Imagem: Capa de "Quando o Presidente da República visitou Monchique por mera curiosidade" de António Manuel Venda (fonte: planetalgarve.com).
Pessoalmente, enfatizo a
criatividade das histórias e a qualidade de expressão escrita do autor. Alguns
contos são surreais, mas de uma imaginação soberba. O real funde-se com a
fantasia, resultando numa sátira evidente à sociedade contemporânea, mesmo tendo
os contos sido escritos há um bom par de décadas. Não deixa de ser irónico em
tempos de crise.
A maioria dos
contos tem por sede geográfica o concelho de Monchique e, como massa humana, as
suas gentes, com destaque para algumas personagens reais.
“Ao Zé das Cabras muita gente gritava «Ó das cabras!», e ele respondia
sempre «Ó dos cabrões!».”
(p.87 in Crónica de Badajoz)
Um simples excerto que
me fez regressar, como que por magia, à minha infância e recordar as partes do
malogrado Zé das Cabras. Era no Largo dos Chorões, era no Largo de São
Sebastião, era na Rua do Porto Fundo, havia sempre um «Ó das cabras!» e o
correspondente «Ó dos cabrões», vulgarmente condimentado por outra meia dúzia
de palavrões que não vale a pena aqui especificar. Depois, era a risada geral.

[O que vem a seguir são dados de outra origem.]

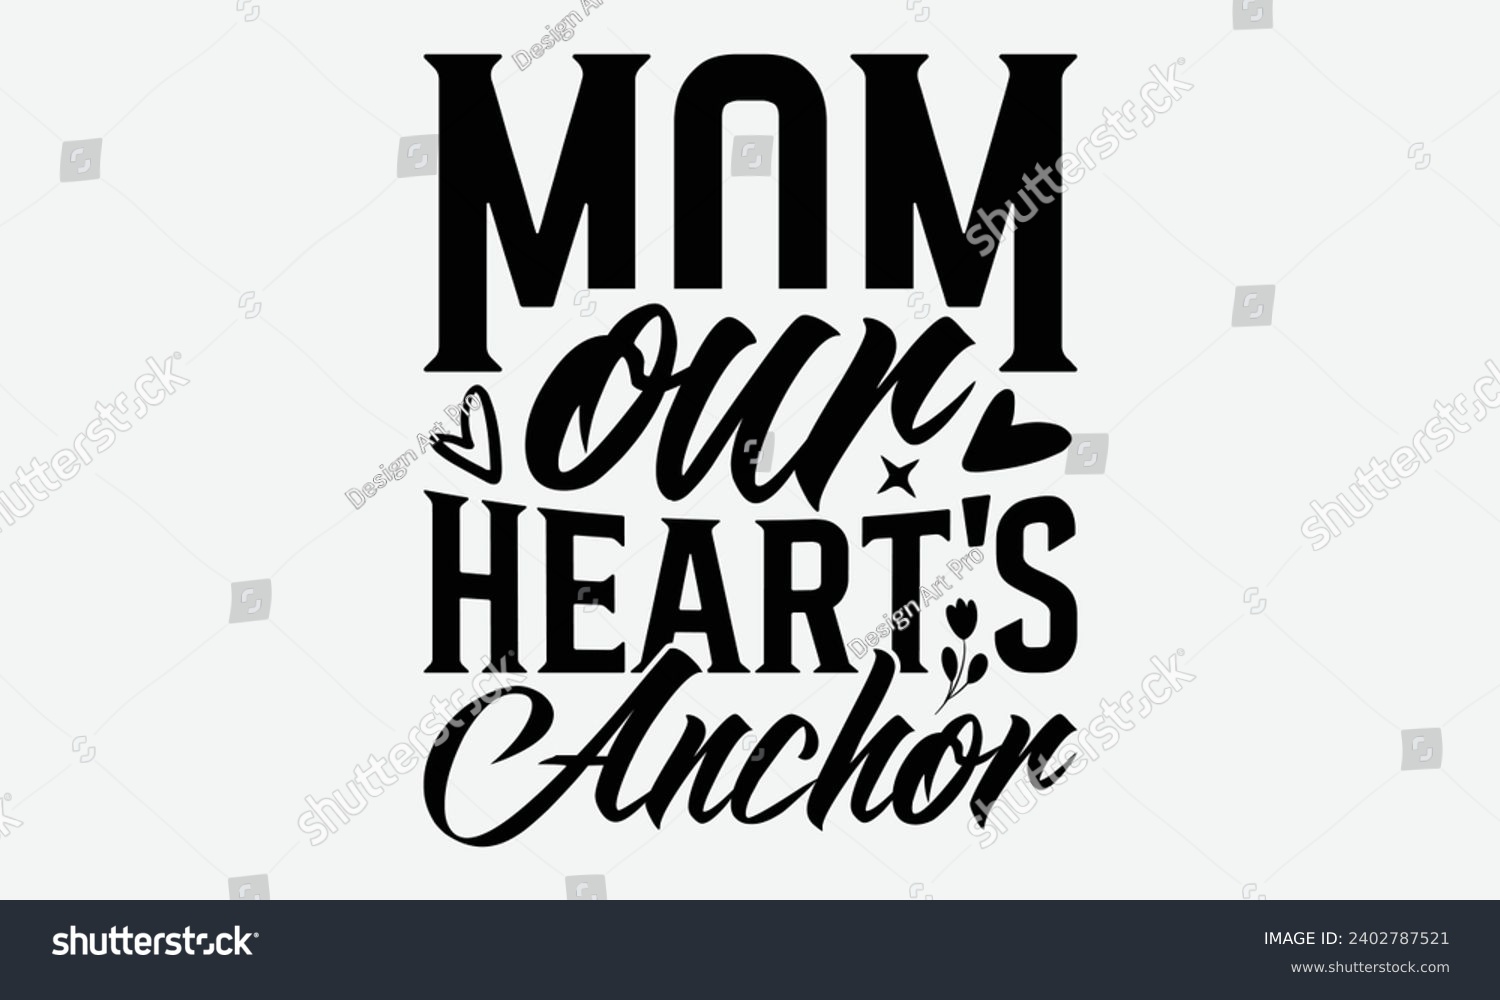 SVG of Mom Our Heart's Anchor -Mother's Day t-Shirt Designs, Take Your Dream Seriously, It's Never Too Late To Start Something New,  Calligraphy Motivational Good Quotes, For Mug , Hoodie, Wall, Banner, Flye svg

Ao acabar de ler um livro, gosto de refletir sobre o que li. Desta feita, por o achar particularmente
interessante e muito bem conseguido, foquei-me no título. E se o nosso
presidente da república viesse mesmo a Monchique por mera curiosidade?
“Algo quase improvável”,
pensei. O prof. Aníbal
Cavaco Silva não tem agenda para meras curiosidades. Quiçá estimulado pelo
imaginário de António Manuel Venda, talvez cá viesse se ocorresse um evento de
proporções calamitosas como, por exemplo, a erupção do tão famigerado vulcão
que a Picota encerra (diz-se que foi um vulcão, diz-se que está extinto, mas
que eu saiba ninguém comprovou a sua existência). Aí, talvez o presidente da república
tirasse um tempo para visitar Monchique; não seria era por mera curiosidade,
mas sim por mera formalidade.
Num contexto de normalidade, sem cenários catastróficos, também o imaginei a discursar num palanque colocado no Mirante e a elogiar a magnificência
da vila e da serra. A referir Monchique como “uma linda vila verdejante do
interior alentejano”. Sim, imaginei a “gaffe” e a sua visão “macro”, não de “macroscópica”,
mas de “macroeconómica”, porque o presidente é um homem de dinheiros. Quando se perceciona o mundo de uma lente angular “macro”, qualquer terra do interior, ainda para mais num dos
extremos do país, não assume qualquer significado ou ponto de interesse. Algarve
ou Alentejo? Dá no mesmo.
Para concluir, endereço
os meus sinceros parabéns às freguesias do concelho (Alferce, Marmelete e
Monchique) por apoiarem António Manuel Venda a reeditar este seu livro.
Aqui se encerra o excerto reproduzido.